Other reports spoke of children being deprived of soap, showers, and tooth brushes for weeks or months.
“Facilities are wholly inadequate,” Castro stated. “Cells maxed to capacity, concrete floors…It felt jail-like. No way to keep a child or innocent human being. Group of 13 women from Cuba were in tears when we spoke with them. The entire system is broken, rotten and rife with abuse. And [President Donald] Trump doubles down on it despite the growing horror — child detention, metering, Remain in Mexico, threatened ICE raids. Every action he takes exacerbates and entrenches the humanitarian crisis at our nation’s feet.”
Congresswoman Madeleine Dean of Pennsylvania had a similar reaction to her visit at the detention center.
”Just left the first CBP facility,” Dean said via Twitter. “The conditions are far worse than we ever could have imagined. 15 women in their 50s- 60s sleeping in a small concrete cell, no running water.
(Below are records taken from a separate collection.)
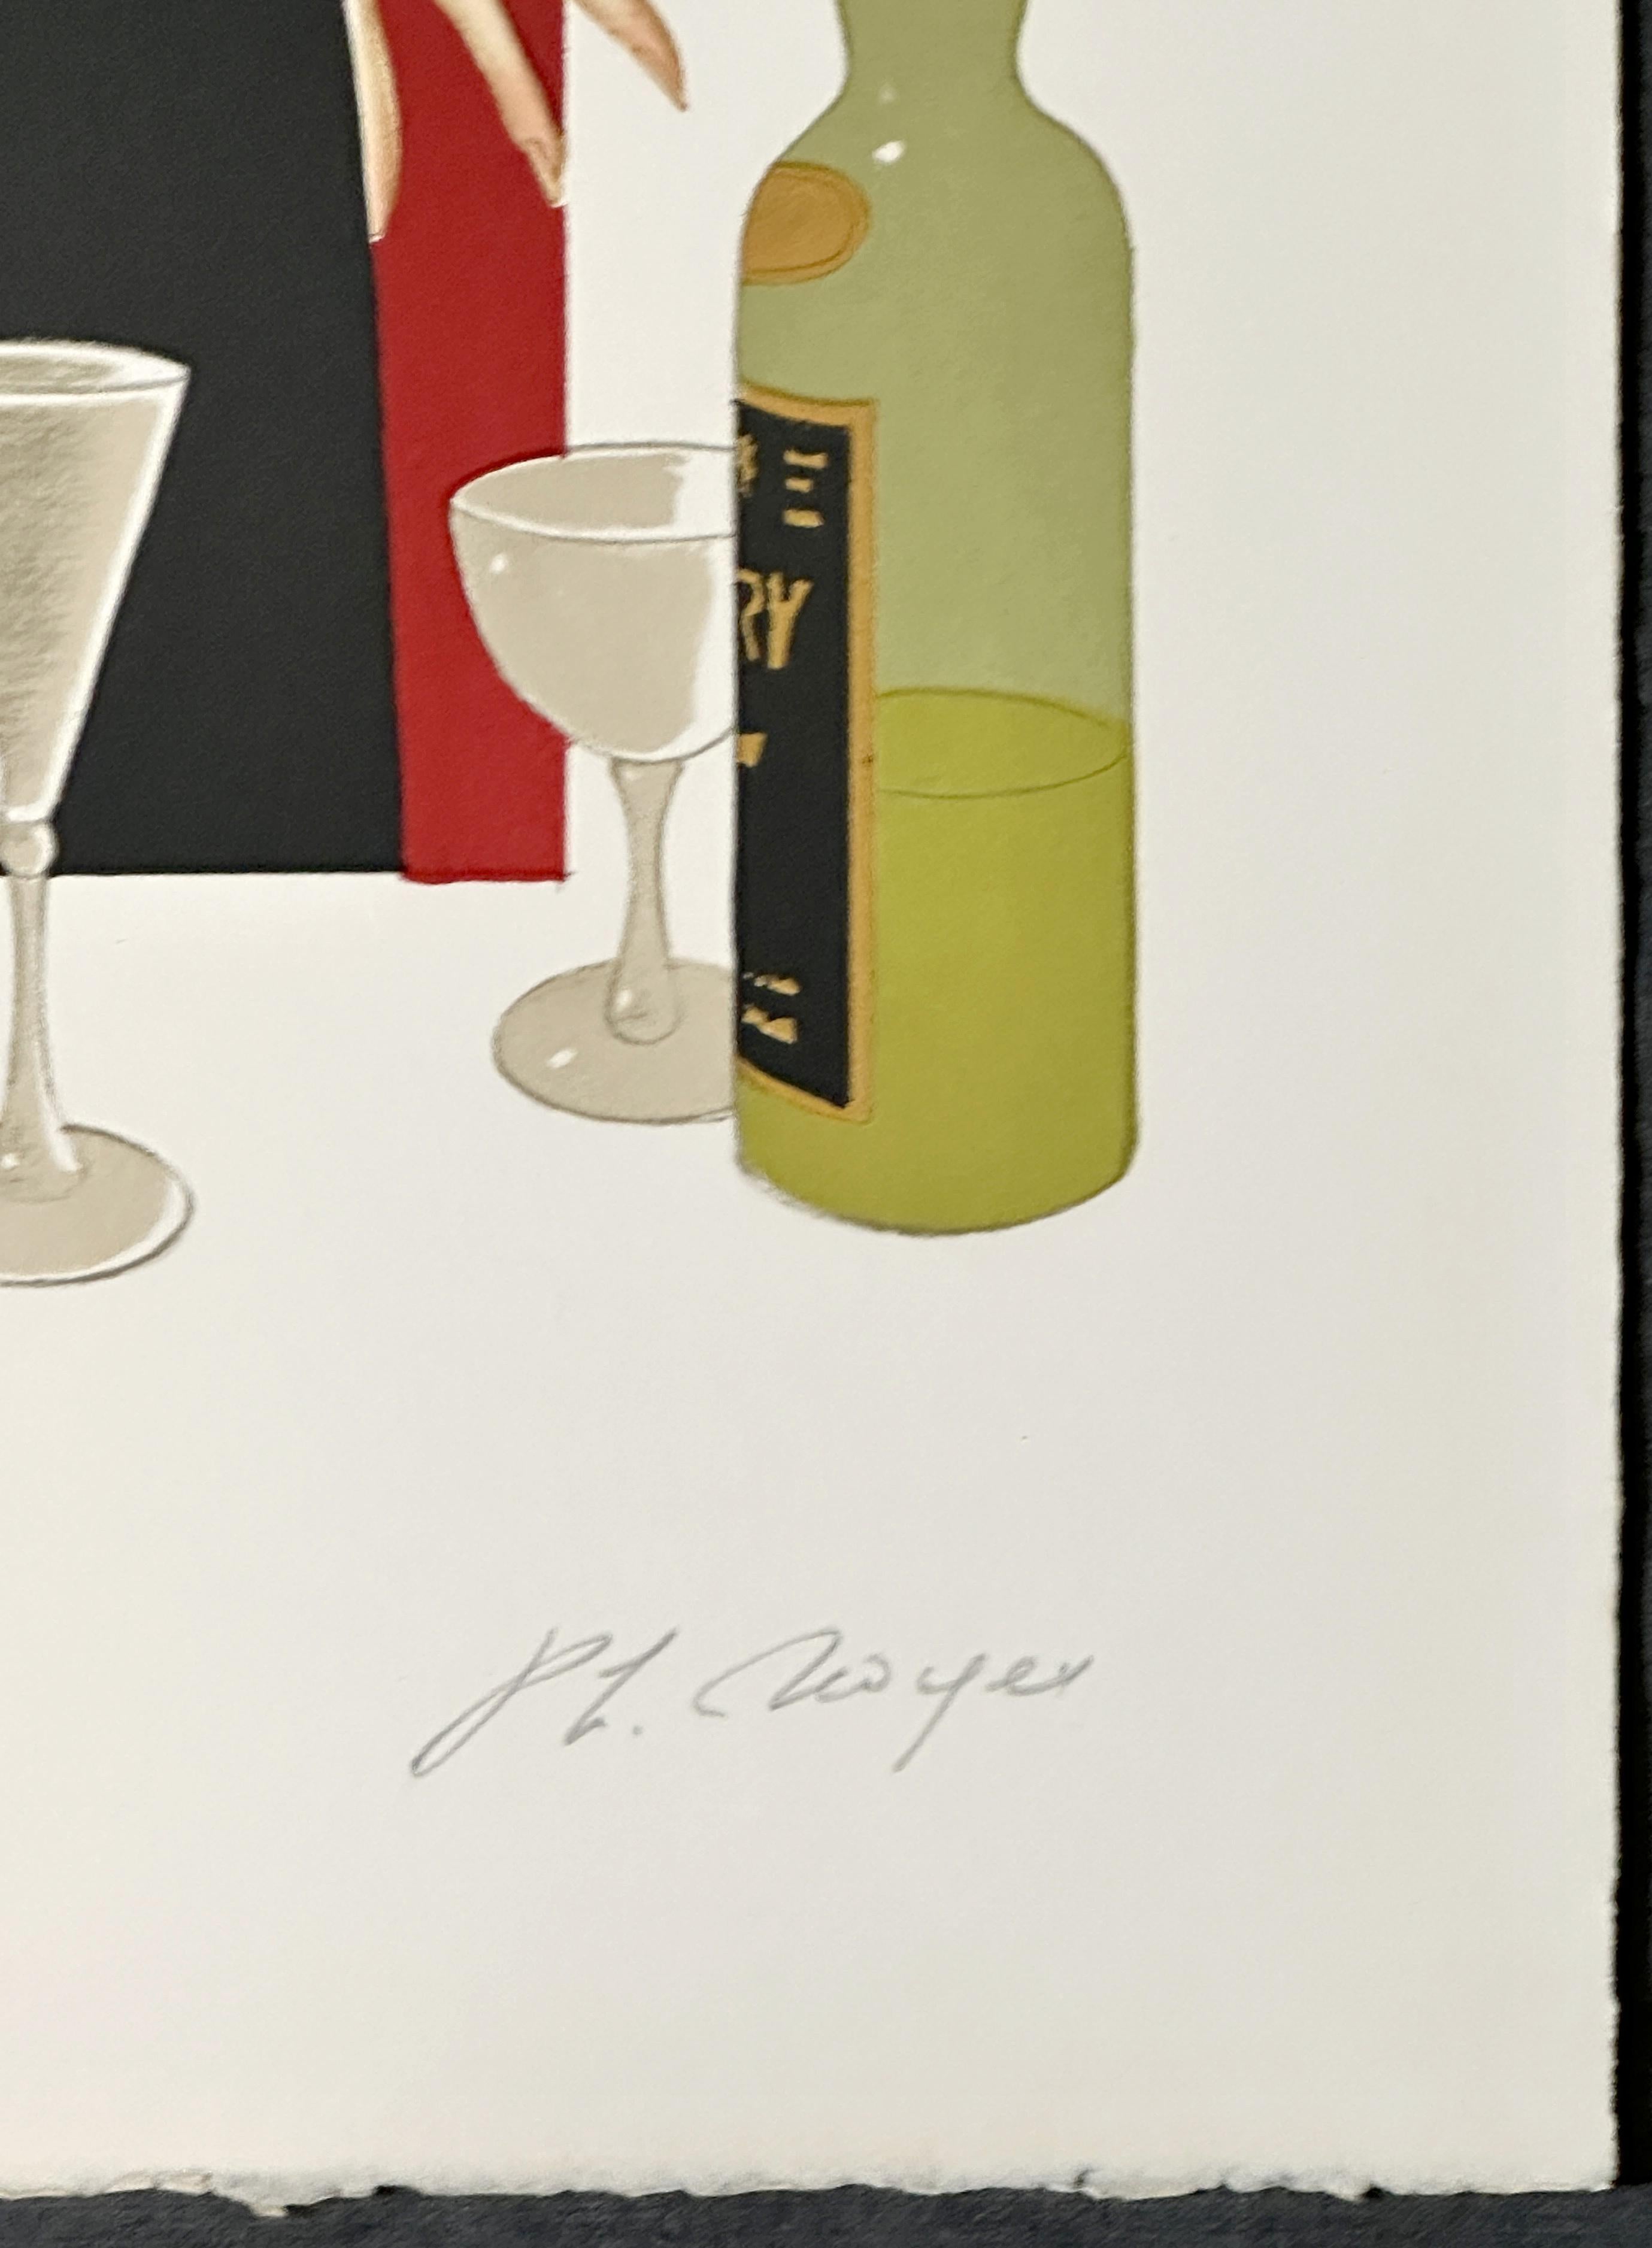 Philippe Noyer
Femme Chez Maxim
1980
Lithografie auf Arches Archival Paper 34'' x 23''
Auflage: Mit Bleistift signiert und mit 222/325 bezeichnet
Einige leichte Handhabungsknicke auf dem Druck.

Weeks without showers. All of them separated from their families. This is a human rights crisis.”
The inhumane conditions in detention centers came out the same week as news of a secret Facebook group of border patrol agents was revealed by ProPublica, which featured agents making derogatory and sexist comments about the visit to an El Paso detention facility by Ocasio-Cortez and Rep. Veronica Escobar of Texas.
“One member encouraged Border Patrol agents to hurl a ‘burrito at these bitches,’” the ProPublica story sated. “Another, apparently a patrol supervisor, wrote, ‘Fuck the hoes.’”
Castro responded to news of the agents’ comments by saying, “It shocks the conscience that these agents are entrusted with the lives of anybody in their custody.”